Wirusy, grzyby i bakterie w owocach i warzywach
Innym zagrożeniem związanym ze spożywaniem świeżych warzyw i owoców jest obecność w nich i na nich potencjalnie szkodliwych mikroorganizmów: bakterii, grzybów i wirusów. Produkty spożywcze mogą zostać nimi skażone na każdym etapie: od uprawy, poprzez zbiór, przechowywanie i przygotowanie do sprzedaży, po wystawienie w sklepie lub na straganie. Źródłem takich drobnoustrojów mogą być: środowisko (gleba, nawóz, dzikie i domowe zwierzęta), magazyny i sprzęt do zbiorów i przetwarzania, a także osoby, które mają styczność z żywnością na każdym etapie jej produkcji.

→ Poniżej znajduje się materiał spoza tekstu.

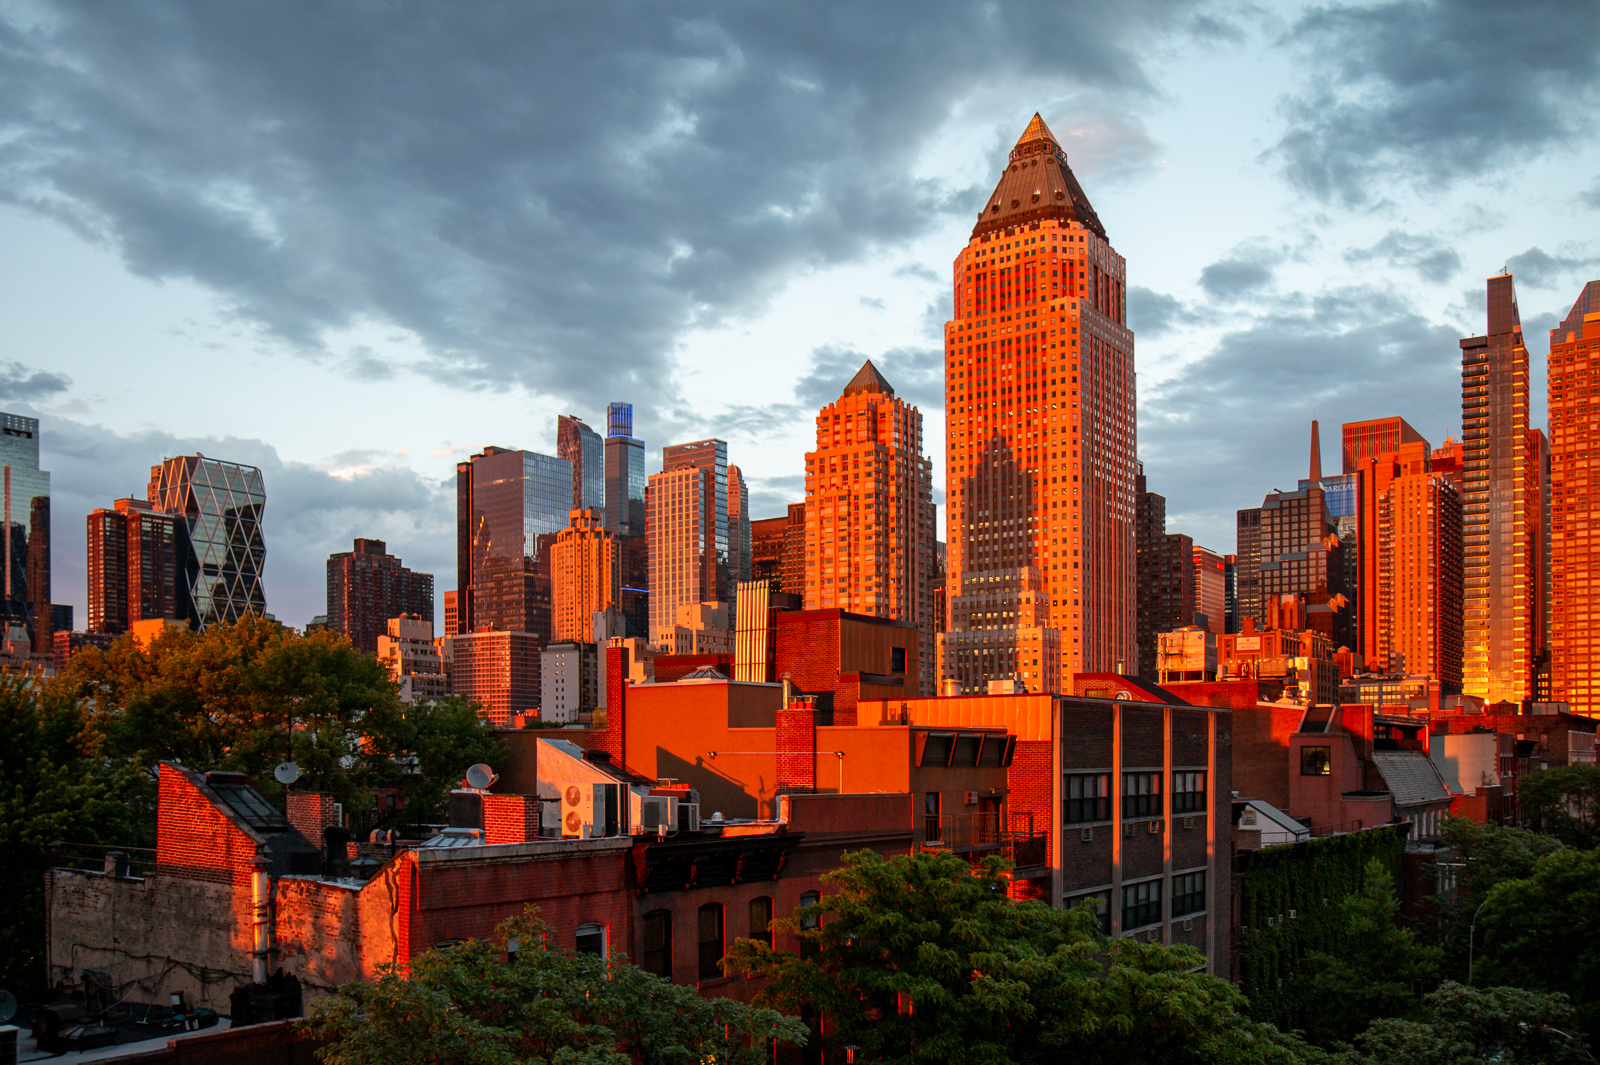 new york city, sunset, midtown west, westside, tall buildings, cityscape, apartment buildings, sky, clouds, orange hues.

Tutaj znów wiele do zrobienia mają producenci i przetwórcy żywności, jednak niemal niemożliwe jest, aby surowe owoce i warzywa były wolne od drobnoustrojów. Jest oczywiste, że jabłka, marchew czy sałatę trzeba umyć przed spożyciem. Jednak badania jakości tzw. „gotowych do jedzenia” sałat i kiełków w Europie i poza nią dowodzą, że nawet te umyte już produkty noszą na sobie znaczne ilości mikroorganizmów, które mogą być potencjalnie szkodliwe dla zdrowia. Wiele warzyw i owoców jest także skażonych jajami pasożytów, takich jak glista ludzka lub tasiemiec. Co gorsza, te same badania pokazują, że zwykłe opłukanie warzyw i owoców pod strumieniem wody, albo zamoczenie ich w wodzie nie usuwa szkodliwych bakterii.